- EXERCISE INPUT -
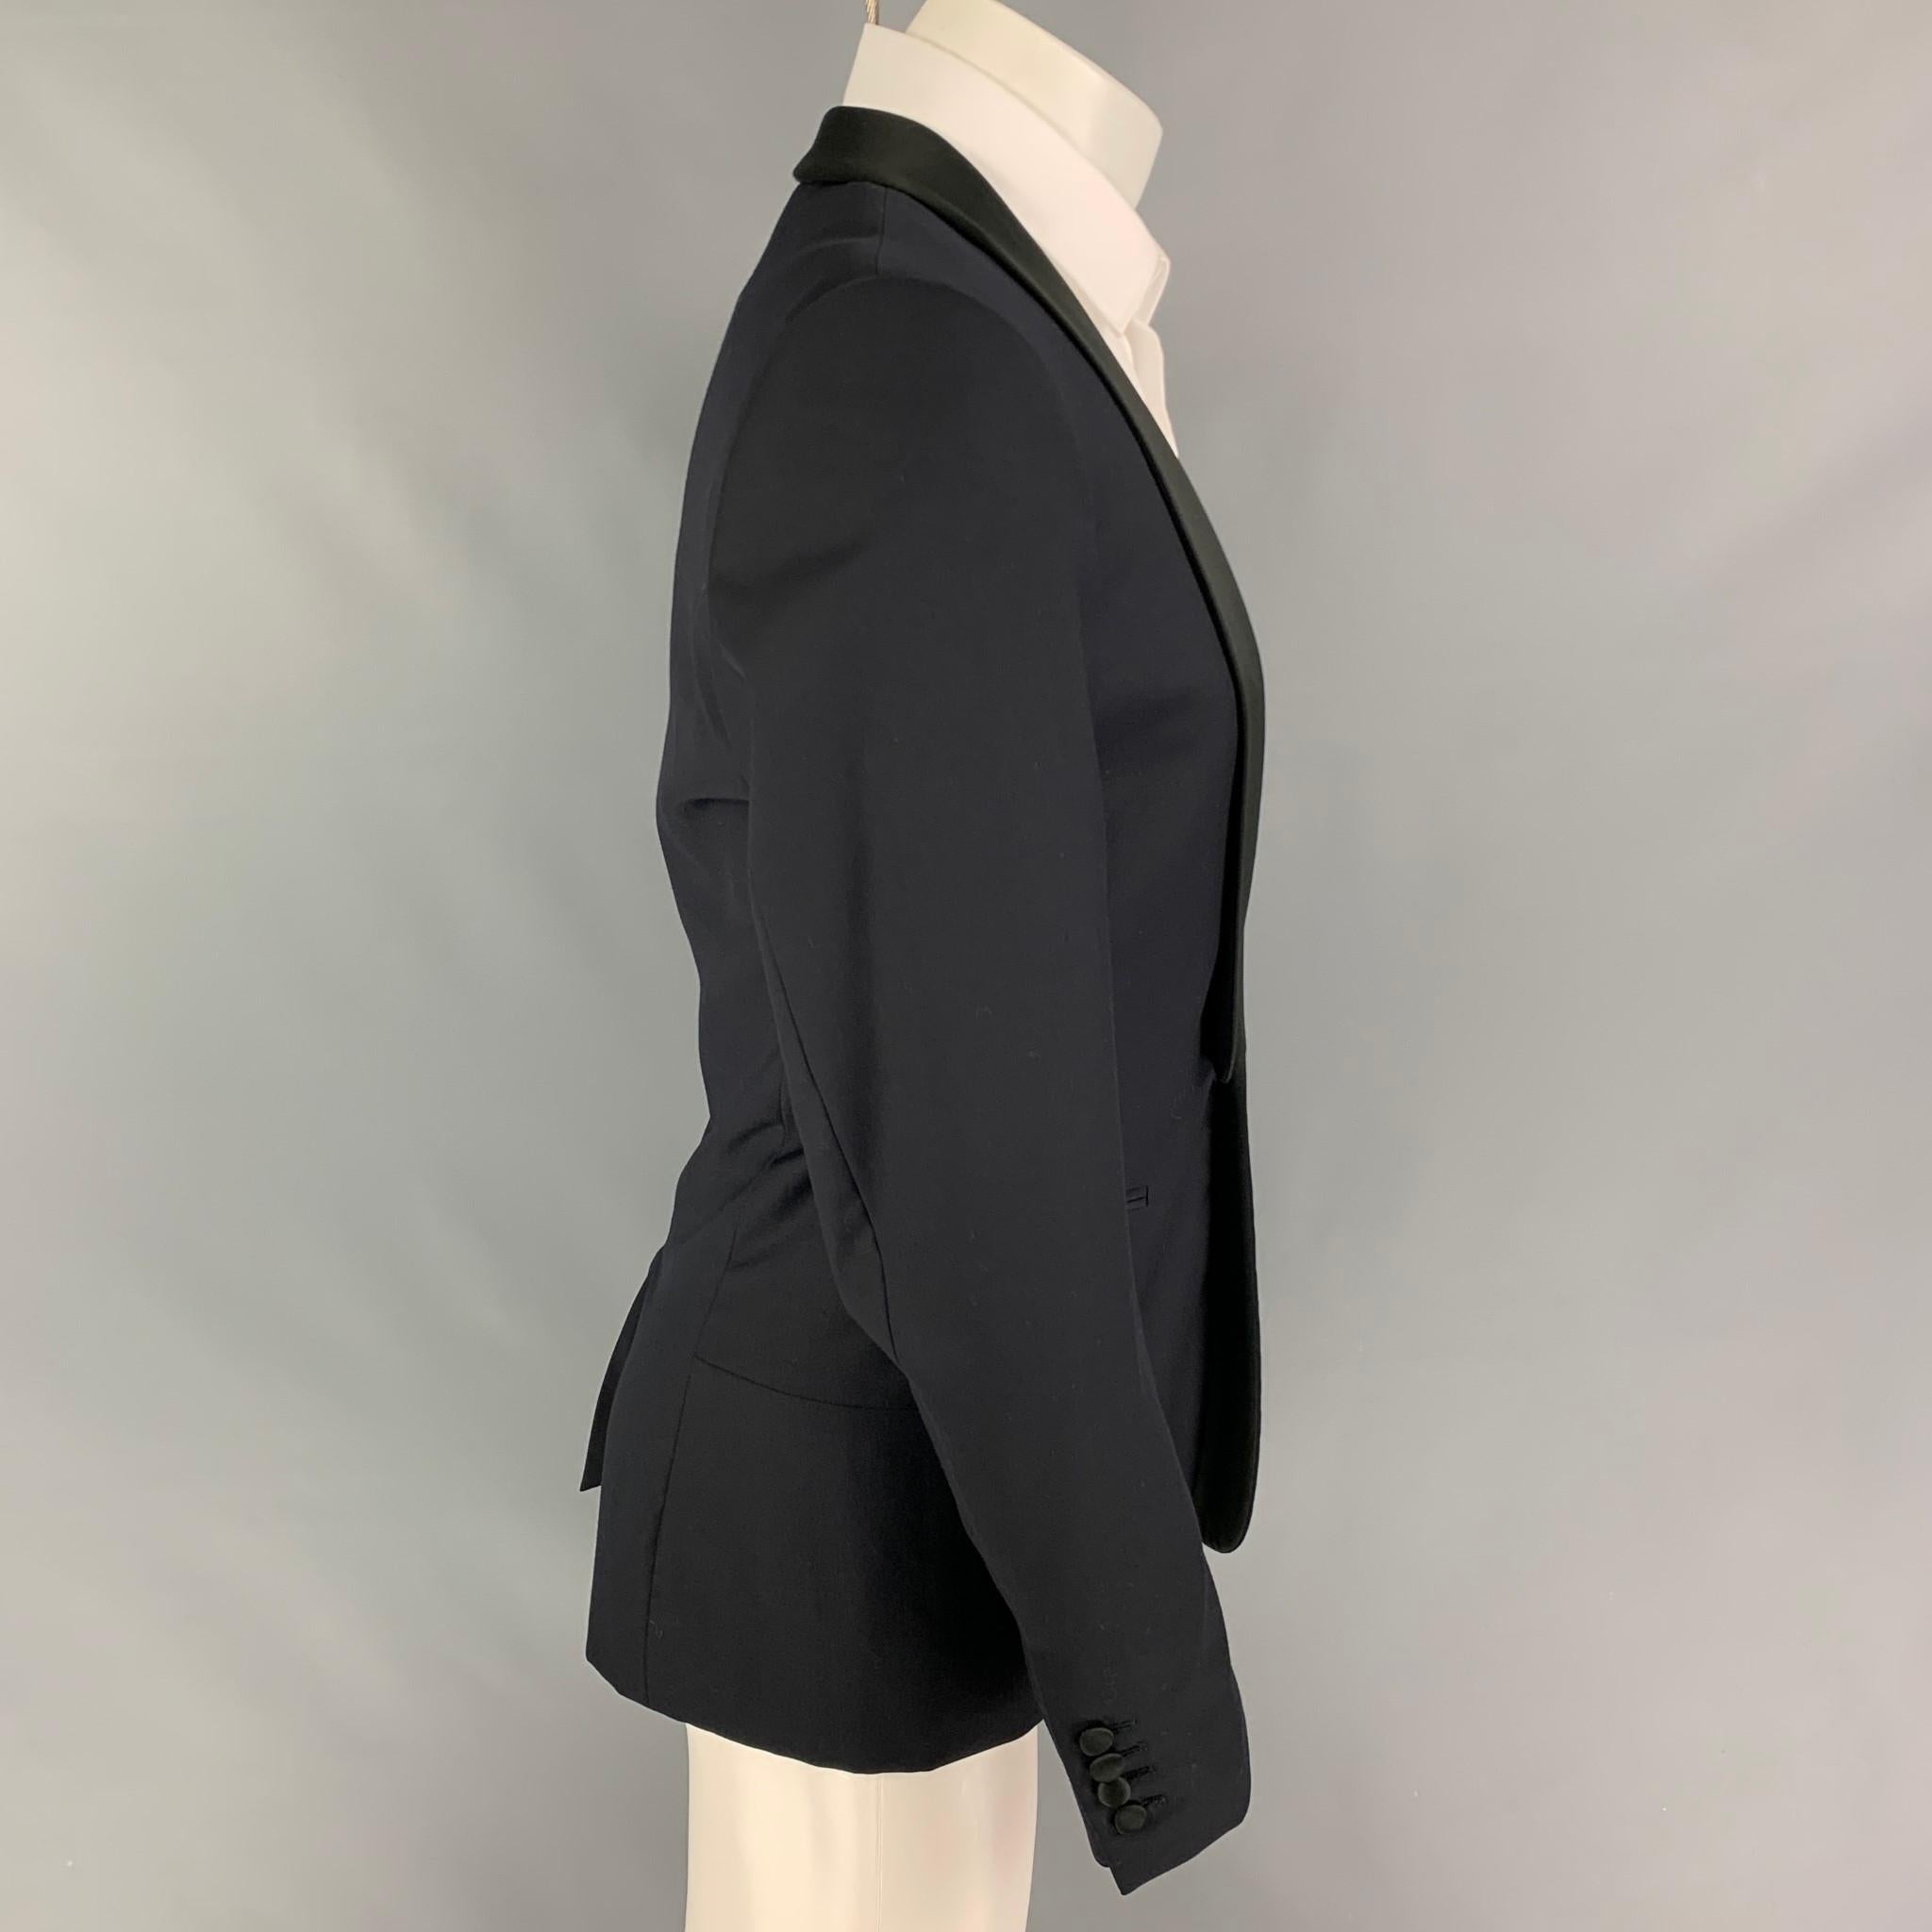 SANDRO sport coat comes in a black wool with a full liner featuring a shawl collar, slit pockets, single back vent, and a single button closure. 

Very Good Pre-Owned Condition.
Marked: 48

Measurements:

Shoulder: 17.5 in.
Chest: 38 in.
Sleeve:
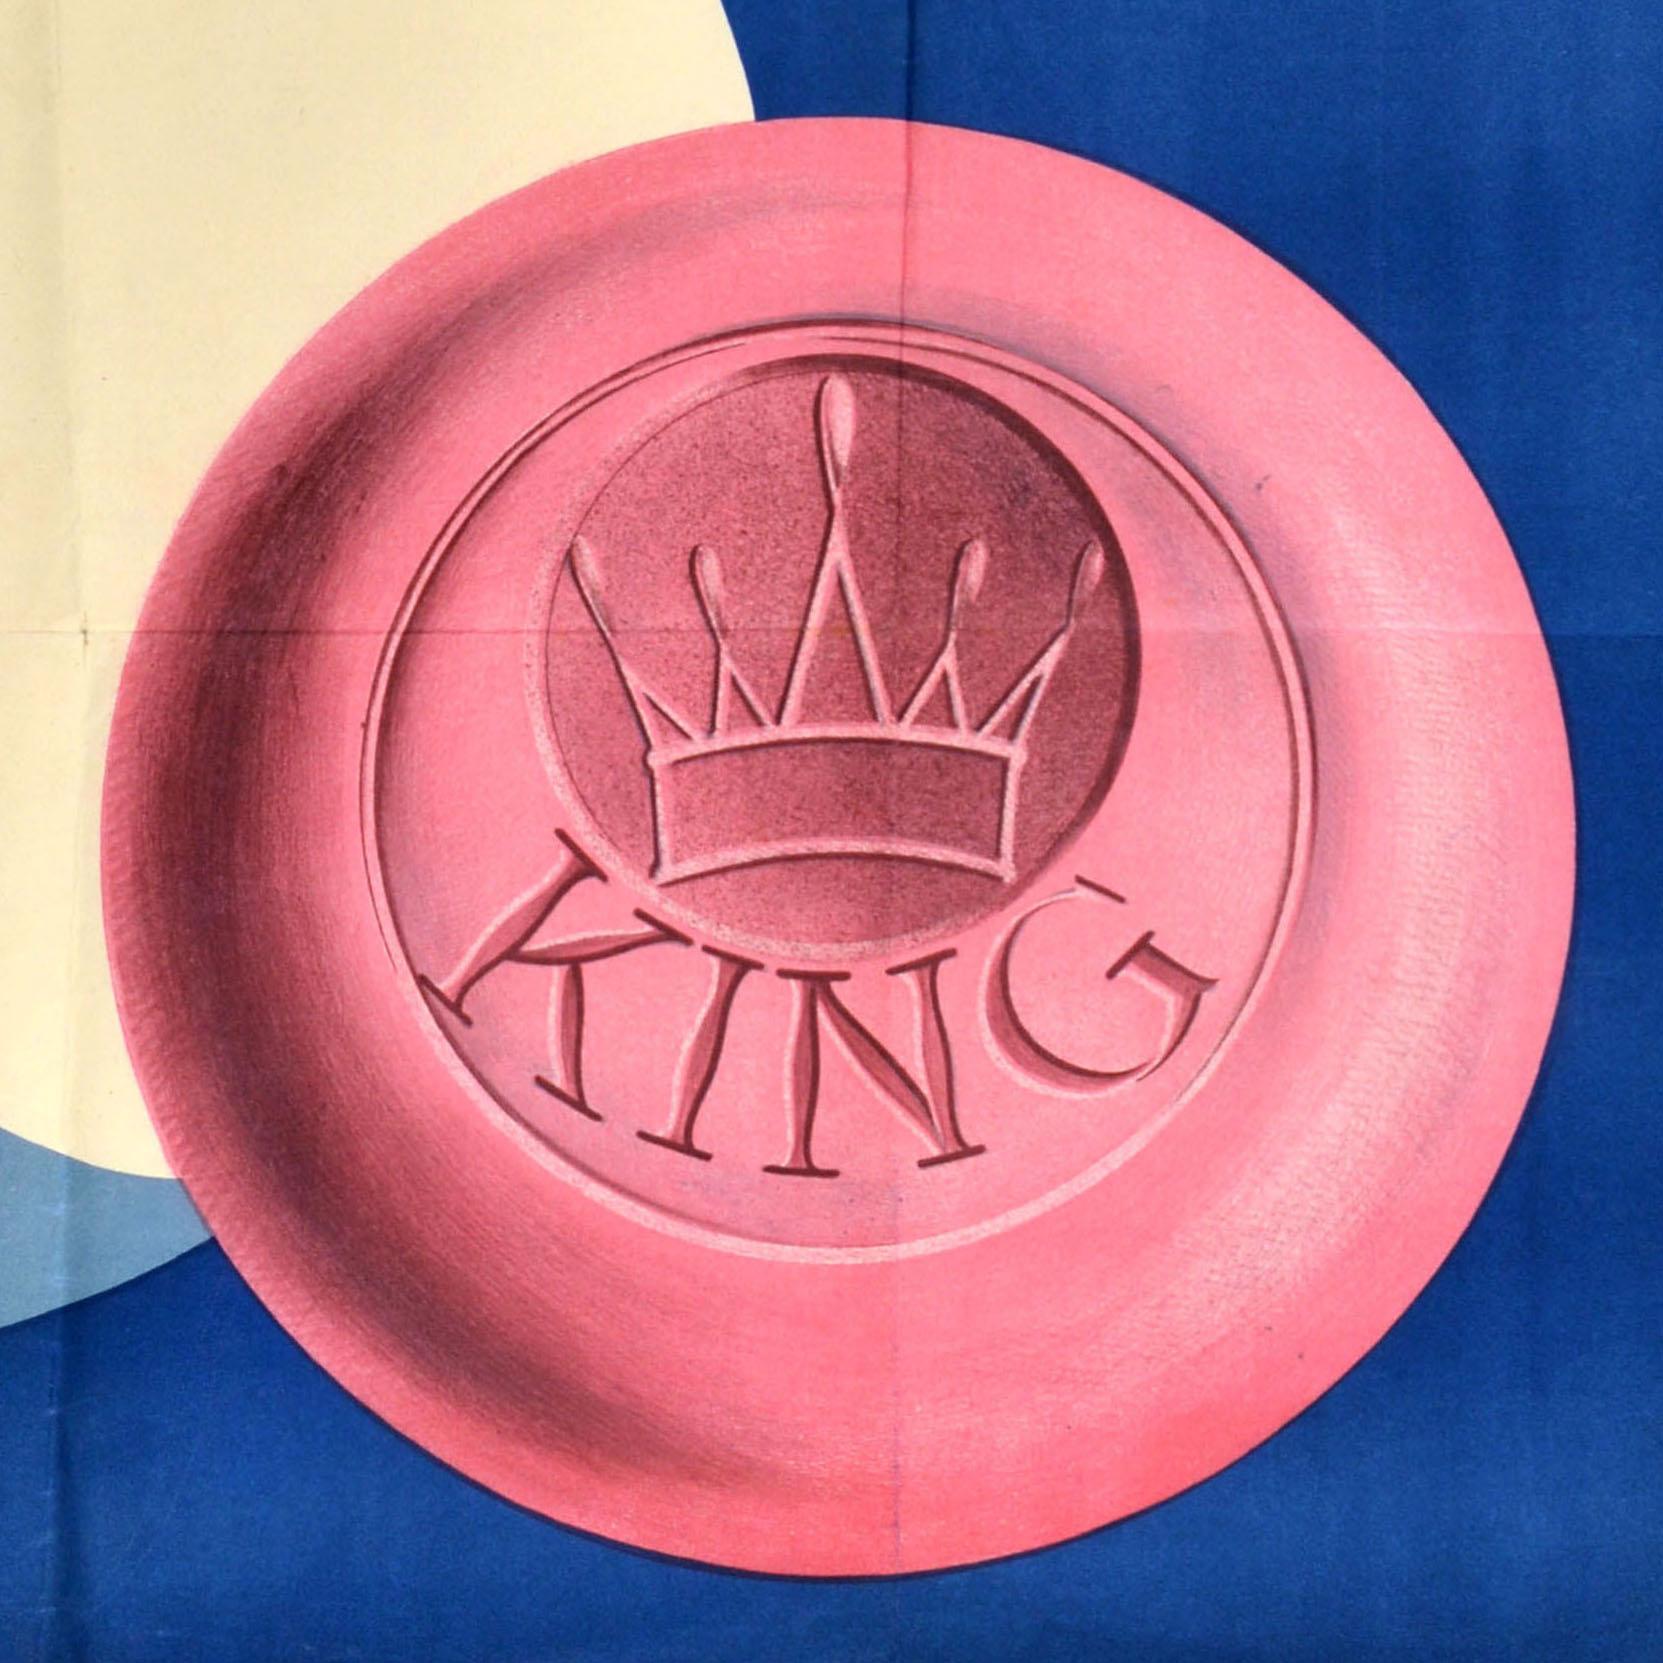 Original antique advertising poster for Bade Seife King bath soap featuring a colourful illustration of a pink round bar of soap bar marked with a crown and the brand name King in front of a blue sea wave topped with a crown and a spray of water
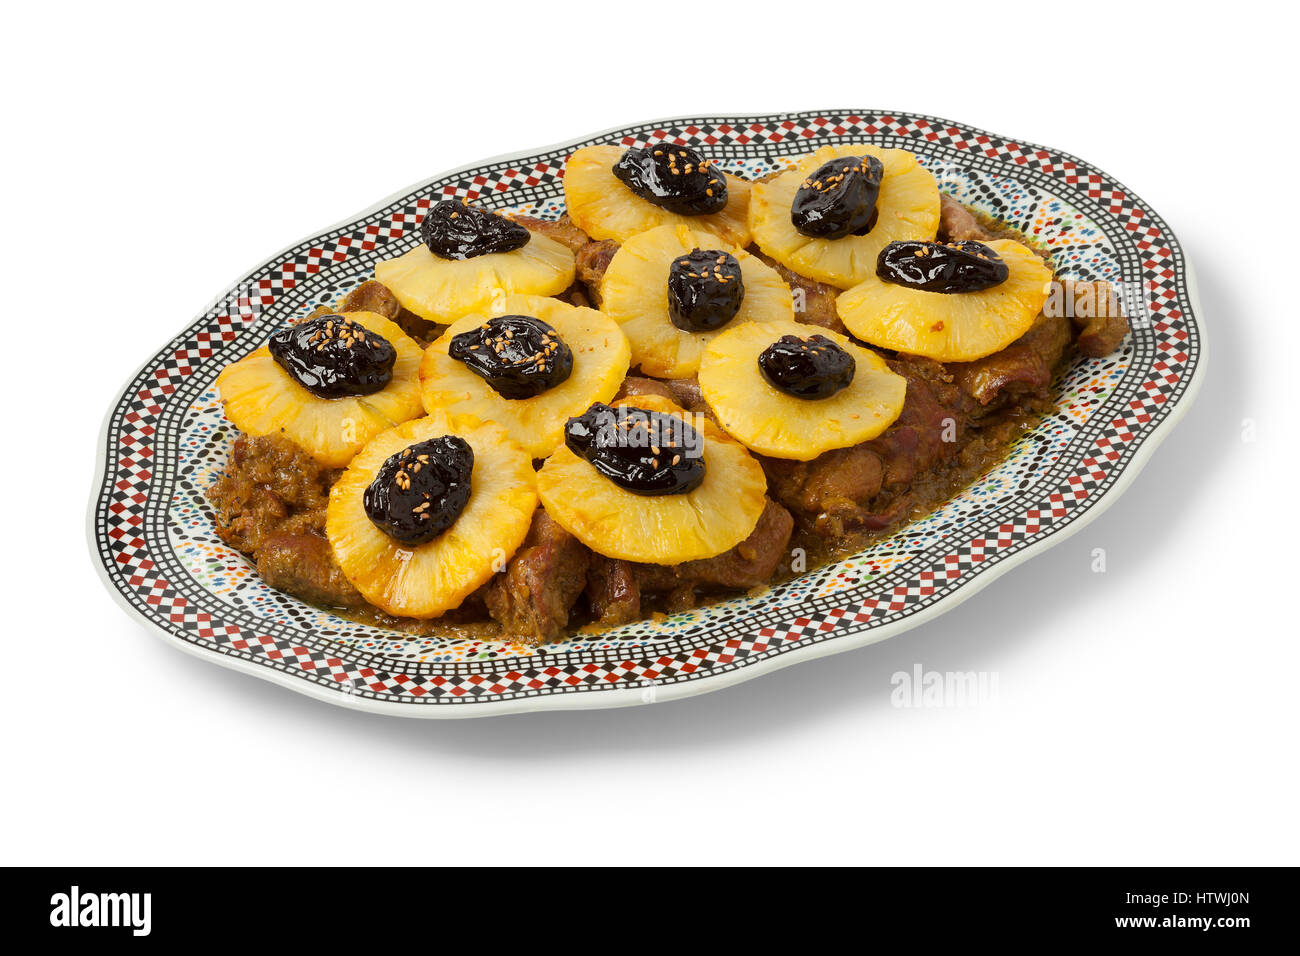 Moroccan dish with meat, pineapple and prunes on white background Stock Photo

- PROBLEM -
After locating the line containing "Very Good Pre-Owned Condition." in the entries above, repeat only it and each later line through the end, exactly, without any pictures.

- EXERCISE RESPONSE -
Very Good Pre-Owned Condition.
Marked: 48

Measurements:

Shoulder: 17.5 in.
Chest: 38 in.
Sleeve:
 Original antique advertising poster for Bade Seife King bath soap featuring a colourful illustration of a pink round bar of soap bar marked with a crown and the brand name King in front of a blue sea wave topped with a crown and a spray of water
 Moroccan dish with meat, pineapple and prunes on white background Stock Photo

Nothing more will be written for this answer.